Machine Learning Interatomic Potentials play a fundamental role in computational chemistry and materials science, enabling applications from molecular dynamics simulations to drug design and materials discovery. While recent approaches can estimate inter-atomic forces with high precision, it remains unclear to what extent they can generalise to previously unseen molecules. Do they learn the compositional structure of chemistry, capturing how molecular fragments and their combinations determine properties, or do they primarily learn to interpolate patterns that are specific to the training examples? To address this question, we propose a benchmark consisting of four tasks that require some form of compositional generalisation.

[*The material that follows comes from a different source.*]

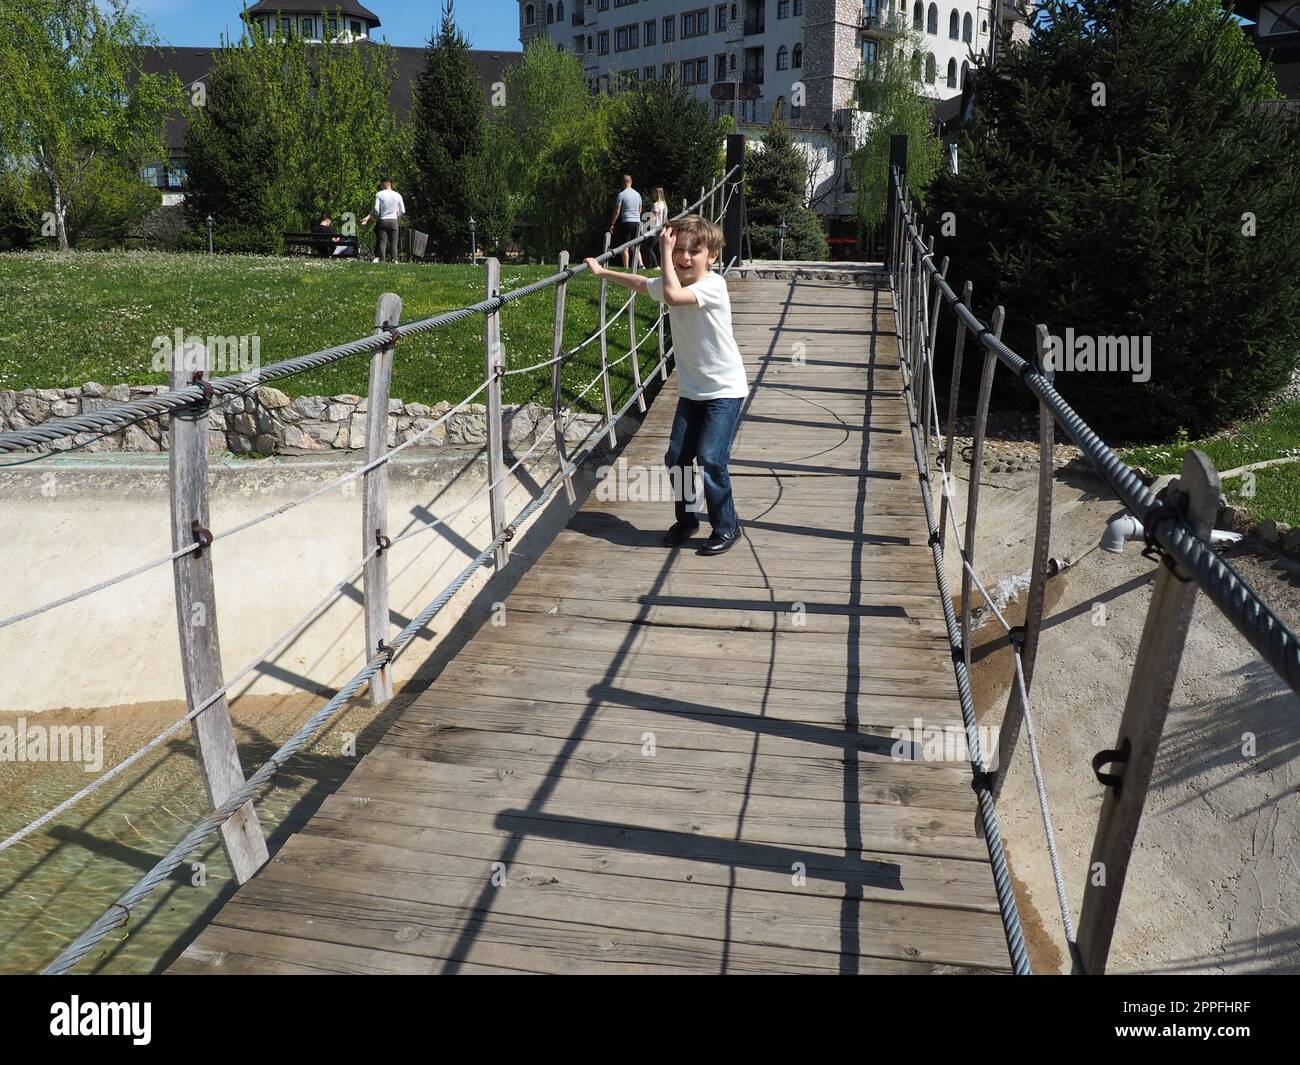 Hängende Holzbrücke. Der Junge versucht, die Brücke zu rocken. Stanisici, Bijelina, Bosnien und Herzegowina. Eine Brücke aus Brettern und Geländern, die von 4 Personen getragen werden kann. Stockfoto

In each task, models are tested on molecules that were unseen during training, but the training data is chosen such that generalisation to the test examples should be feasible for models that learn the underlying physical principles. Our empirical analysis shows that the considered tasks are highly challenging for state-of-the-art models, with errors on out-of-distribution examples often an order of magnitude higher than on in-distribution examples, even when using foundation models that have been pre-trained on millions of molecules.

翻译：机器学习原子间势在计算化学和材料科学中发挥着基础性作用，其应用涵盖从分子动力学模拟到药物设计和材料发现。尽管近期方法能够高精度估计原子间作用力，但其在多大程度上能泛化到未见过的分子仍不明确：这些方法究竟是学习了化学的组成结构，理解分子片段及其组合如何决定性质，还是主要学习插值训练样本特有的模式？为探究此问题，我们提出了一个由四项任务组成的基准测试，每项任务都需要某种形式的组成泛化能力。在每项任务中，模型需对训练期间未出现的分子进行测试，但训练数据经过精心选择——若能学习底层物理原理，模型应能从训练示例泛化到测试样本。实证分析表明，这些任务对当前最先进模型极具挑战性：即使在预训练于数百万分子的基础模型上，分布外样本的误差也常比分布内样本高出一个数量级。